What strikes visitors at first sight when entering Korea is the fascinating mix of old and new which complement each other magically. Centuries-old palaces mixed with skyscrapers and modern shopping avenues create a very lively atmosphere in the capital of Seoul. The city which is home to a quarter of Korea’s population features many highlights. The N Seoul Tower with an impressive observatory presents a striking view over the city as well as the mountains of North Korea. Local media play zone is very amusing, and so is the Teddy Bear Museum.

Those keen on the ancient histories succumb to the beauty of Korean grand palaces. There are five located in Seoul, including the Changdeok Palace, a UNESCO World Heritage Site, dating back to 15th century. Tourists curious about local way of life will appreciate a visit to the Korean Folk Village not far from the metropolis. This open-air museum features 260 traditional houses displaying typical household goods which help uncover the diverse character of local culture. When wondering around, visitors witness the skill of artisans and have a chance to see local market and admire musical and dance performances.

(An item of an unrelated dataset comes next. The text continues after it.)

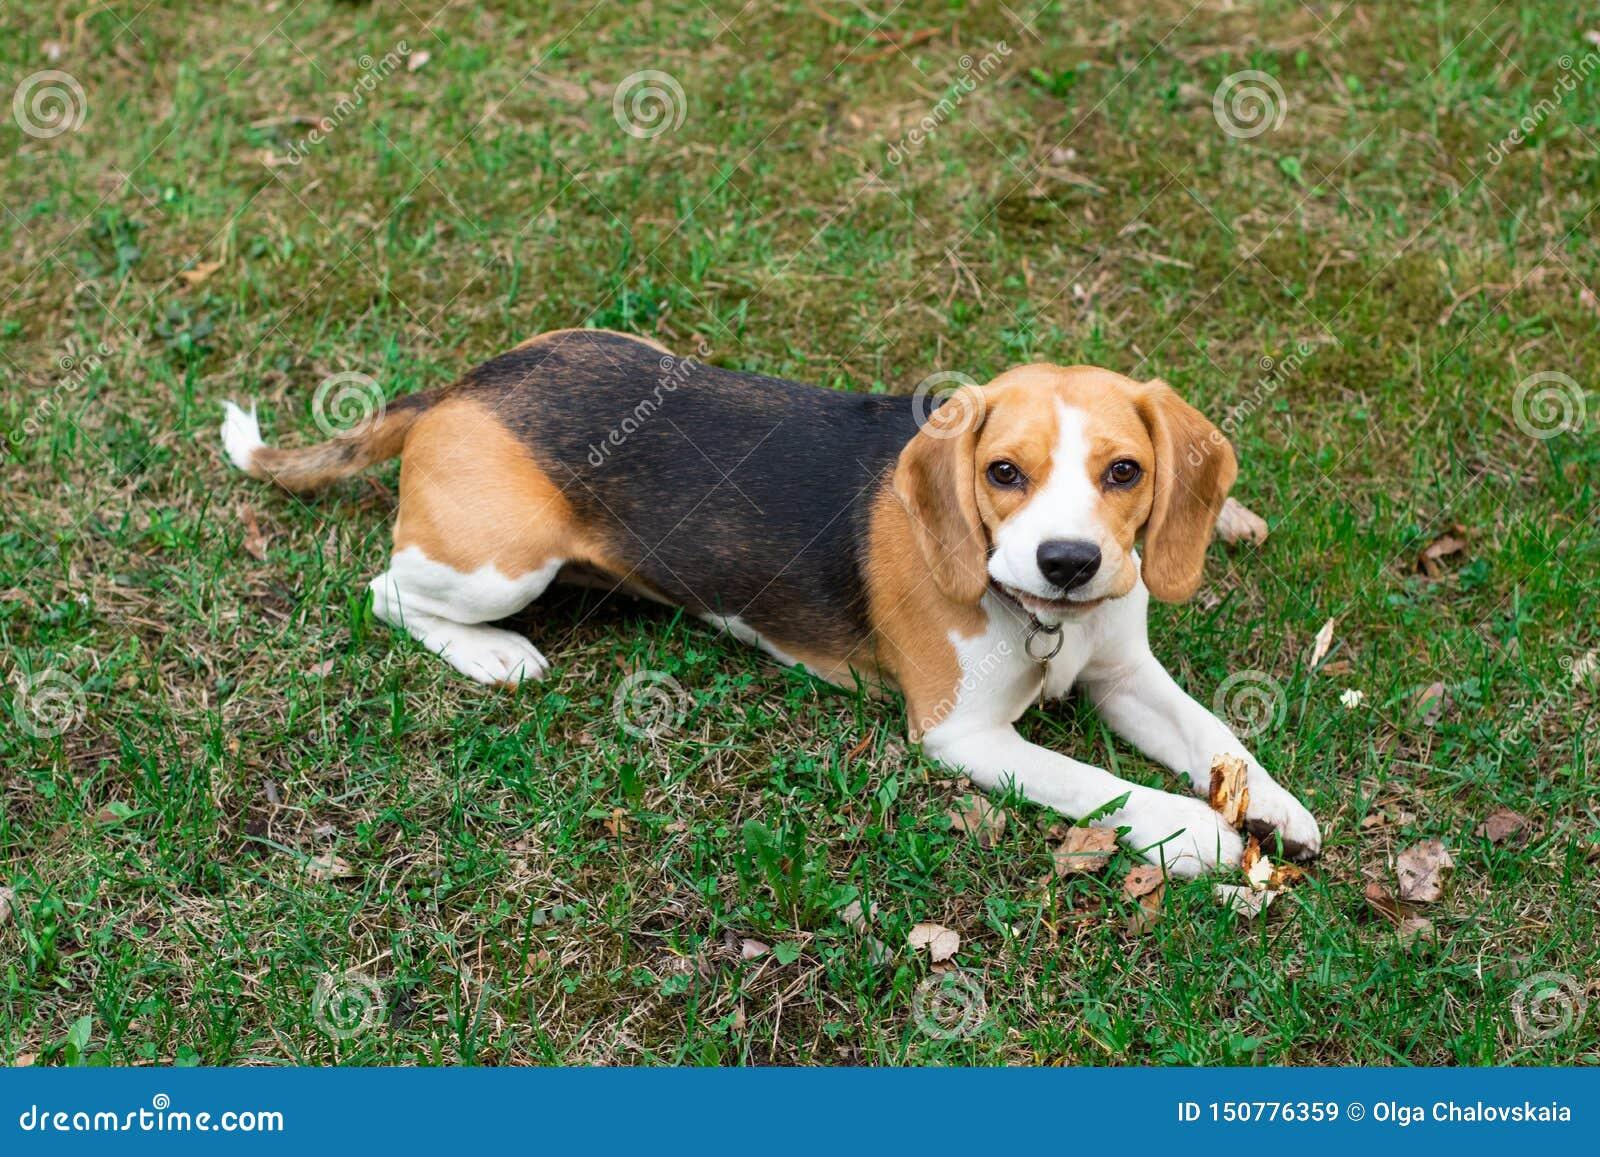 Cute beagle dog lying on green grass, Portrait cute Beagle dog

Korean markets are a must-see, ideally the Namdaemun Market near Seoul’s ancient South Gate, which is one of the largest in the country. Thousands of stalls may be slightly overwhelming but whatever one seeks, it will be found here.

South Korea features not only ancient palaces and beautiful temples, but also many famous forts, some of which date back more than two millennia. Traveling around, one needs to try local delicious cuisine and visit Gyeongju City, a tourists mekka often called “Museum without Walls”.